Think about it. We are rightly outraged when we hear of the alleged acts of child rape by trusted adults (such as Jerry Sandusky at Penn State), but is there not a rape of a different kind – at the least, an assault on innocence – when schools show virtually pornographic movies in sex-ed classes or conduct lessons in which girls put condoms on boys’ fingers? (For a shocking report, see this article by Laurie Higgins of the Illinois Family Policy Institute.) And in the countless cases where these kids are anything but innocent, at the least, these schools are condoning, if not actually encouraging immorality.
One mother posted this on my Facebook page: “I visited the sex-ed teacher at the high school our children were going to attend in 1992. I had heard stories about some of her techniques and was very concerned. When I asked her about modesty, she told me that is something she tries to get the kids over as quick as possible. My daughter brought home the curriculum from the class and I was appalled. There were several pages of vocabulary they would have to know, including every perversion I had ever heard of and some that I never heard of. The definition they had for virgin was someone who had never had the opportunity to have sex. The list included polygamy but not monogamy. It even said that sometimes it is beneficial for a marriage if there is an affair.” And that was back in 1992.
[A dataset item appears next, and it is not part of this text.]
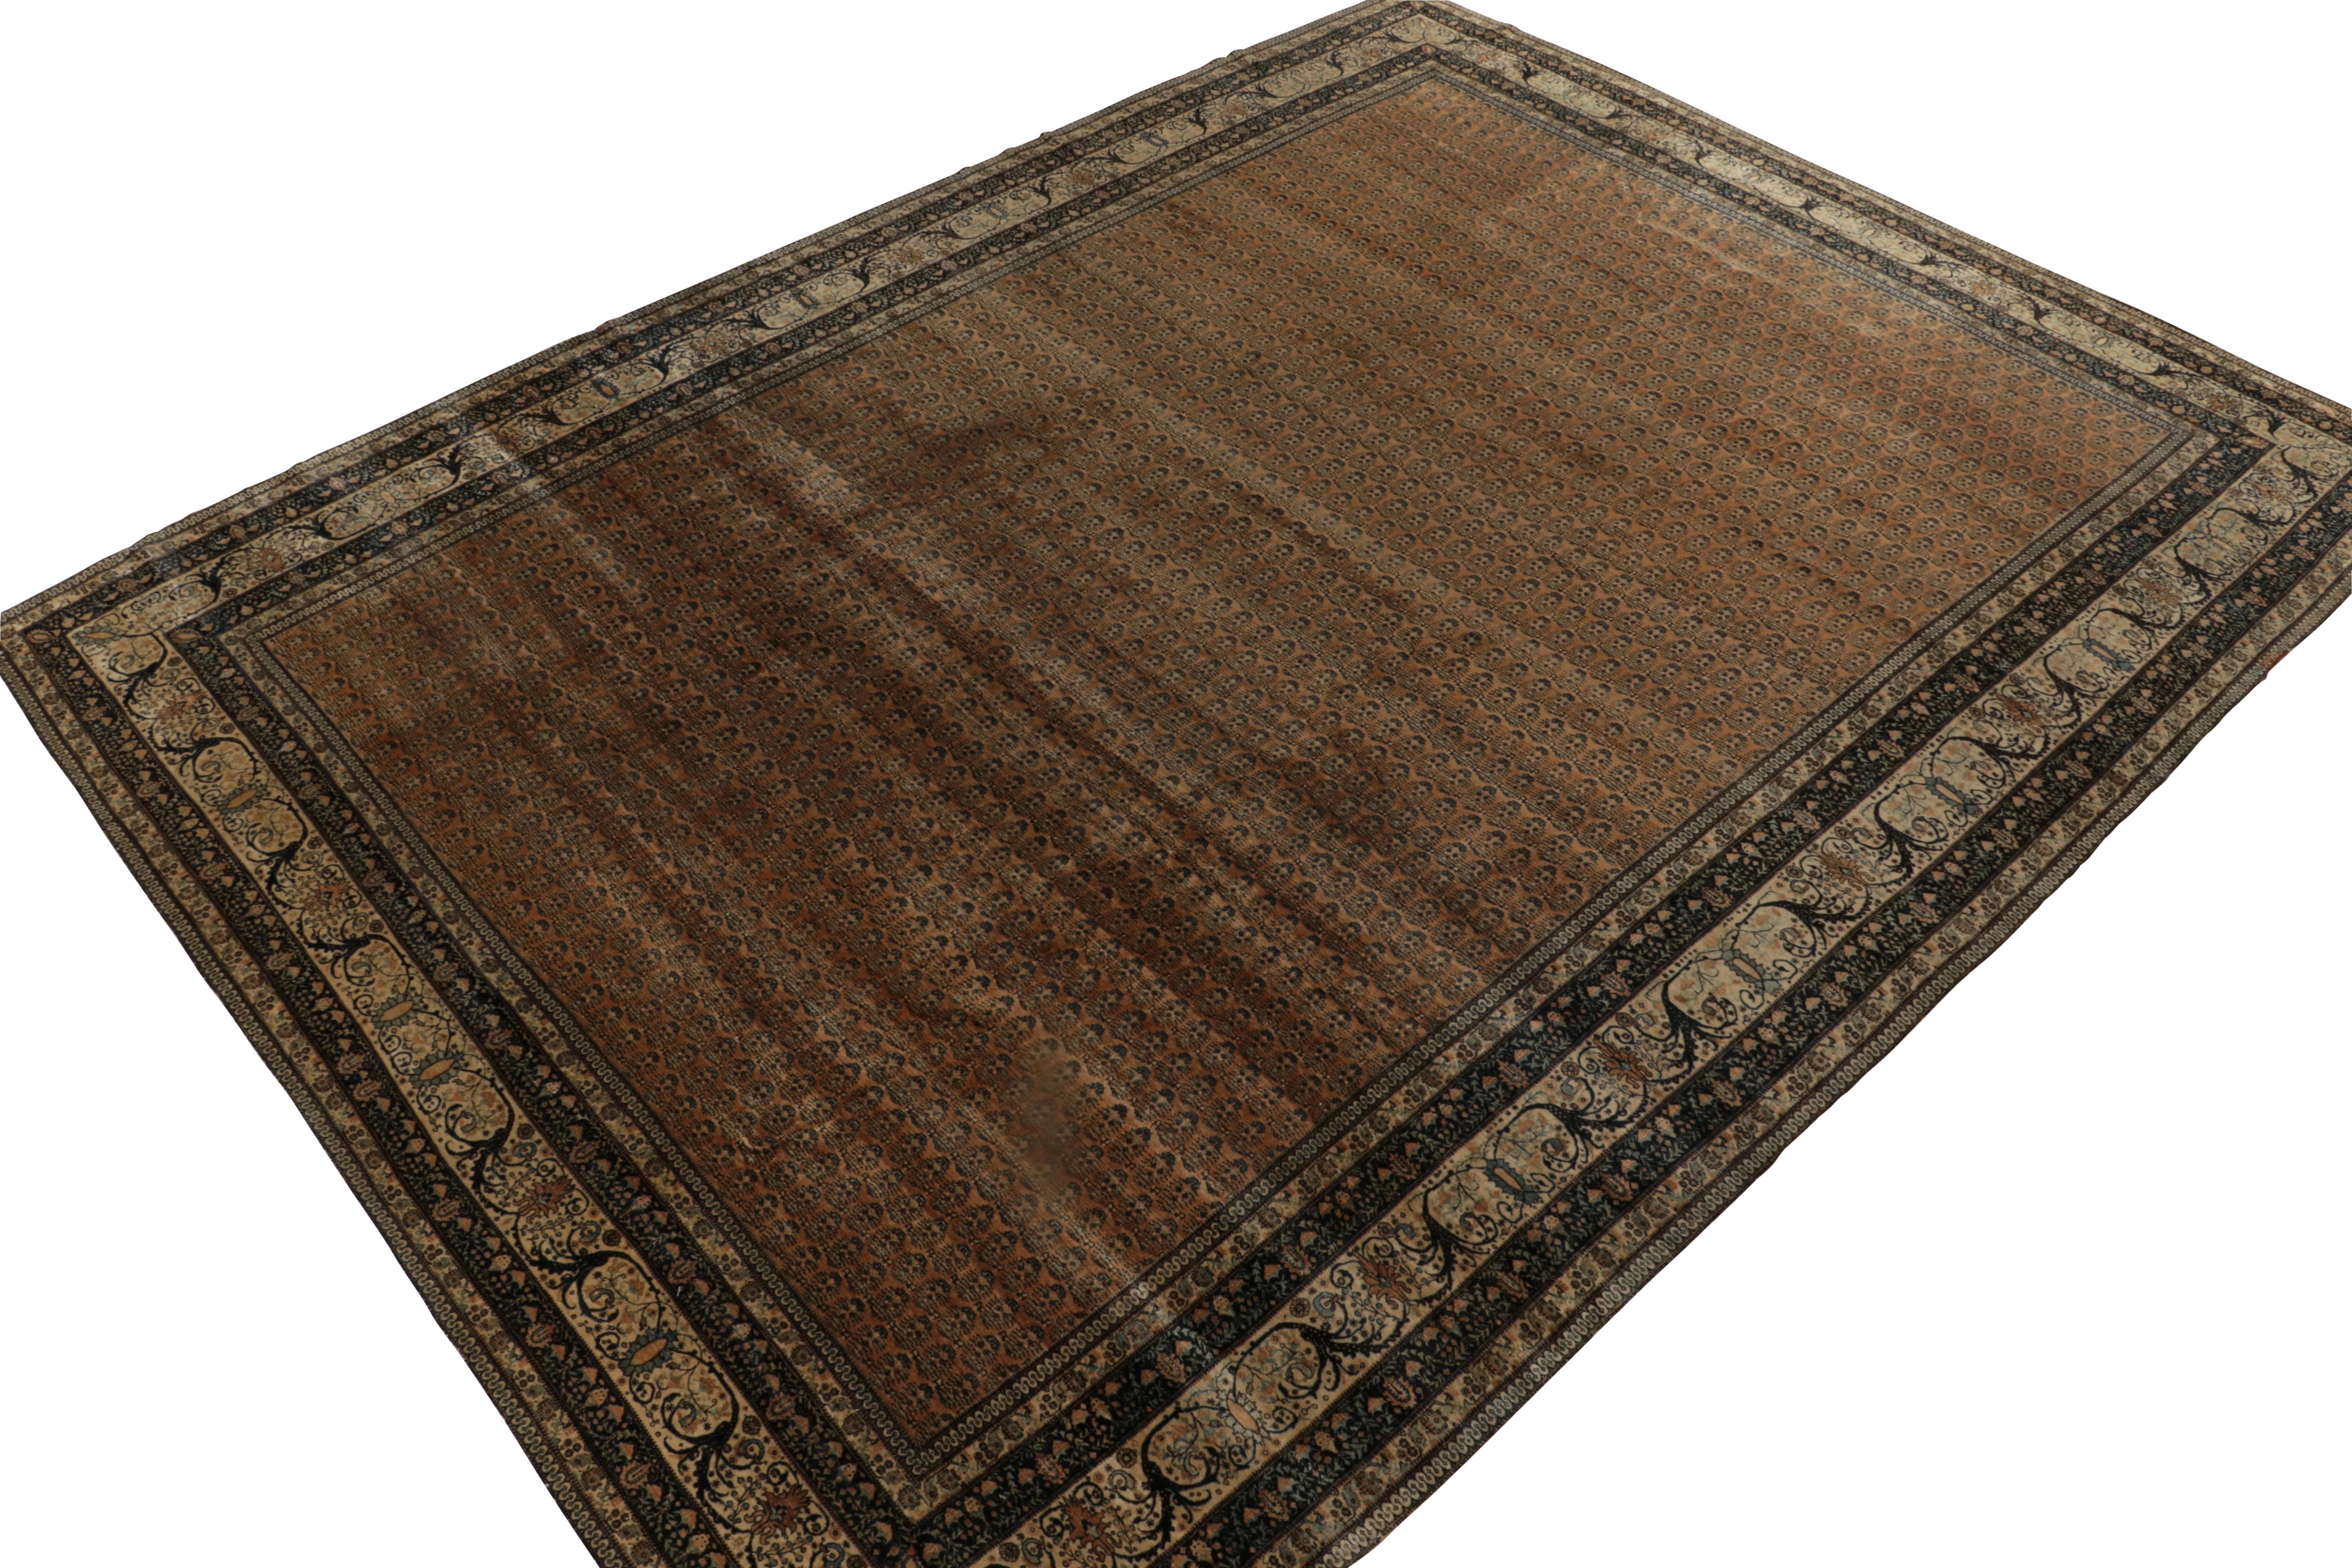 Handgeknüpft in Wolle um 1920-1930, ein 10x15 antiker Täbris Teppich, der zu den beliebtesten klassischen persischen Kurationen gehört. 

Der Teppich ist ein fein detailliertes Stück mit Wiederholungen, die mit der Herkunft dieses Musters

On November 30th, a high school teacher from New York City called into my radio show, wanting me to know that things were far worse in the schools than I could imagine, from the way the kids dress and act to the fact that many of them spend far more time playing terribly violent (and often sexually charged) video games than reading books.
He also told me that in his school, there is a table in the hallway with condoms and lubricants. The students can take them freely, as desired. (Does this surprise you?) The other day, a student put a pile of Gideon’s Bibles on the table, also for the students to take freely. As a result, there was outrage in the school – outrage over the presence of the Bibles, not the presence of the condoms.
Is it an exaggeration to say that we need a massive moral and cultural revolution?
During that same broadcast, I received another called from a man in New York City who was involved in teaching sex education to high school students. As part of the program, he tells these students which condoms work best, among other things.
When I asked him, “Then shouldn’t you also teach the kids about responsible drug use and give out clean needles to intravenous drug users?” he responded, “Yes, we also teach about them drug use as well as where they go for clean needle exchanges.”
It looks like my fictitious scenario was not so fictitious after all.
We need a revolution.
Michael Brown holds a Ph.D. in Near Eastern Languages and Literatures from New York University. He is the author of 25 books, includingLine of Fire. Follow him at AskDrBrown on Facebook or @drmichaellbrown on Twitter.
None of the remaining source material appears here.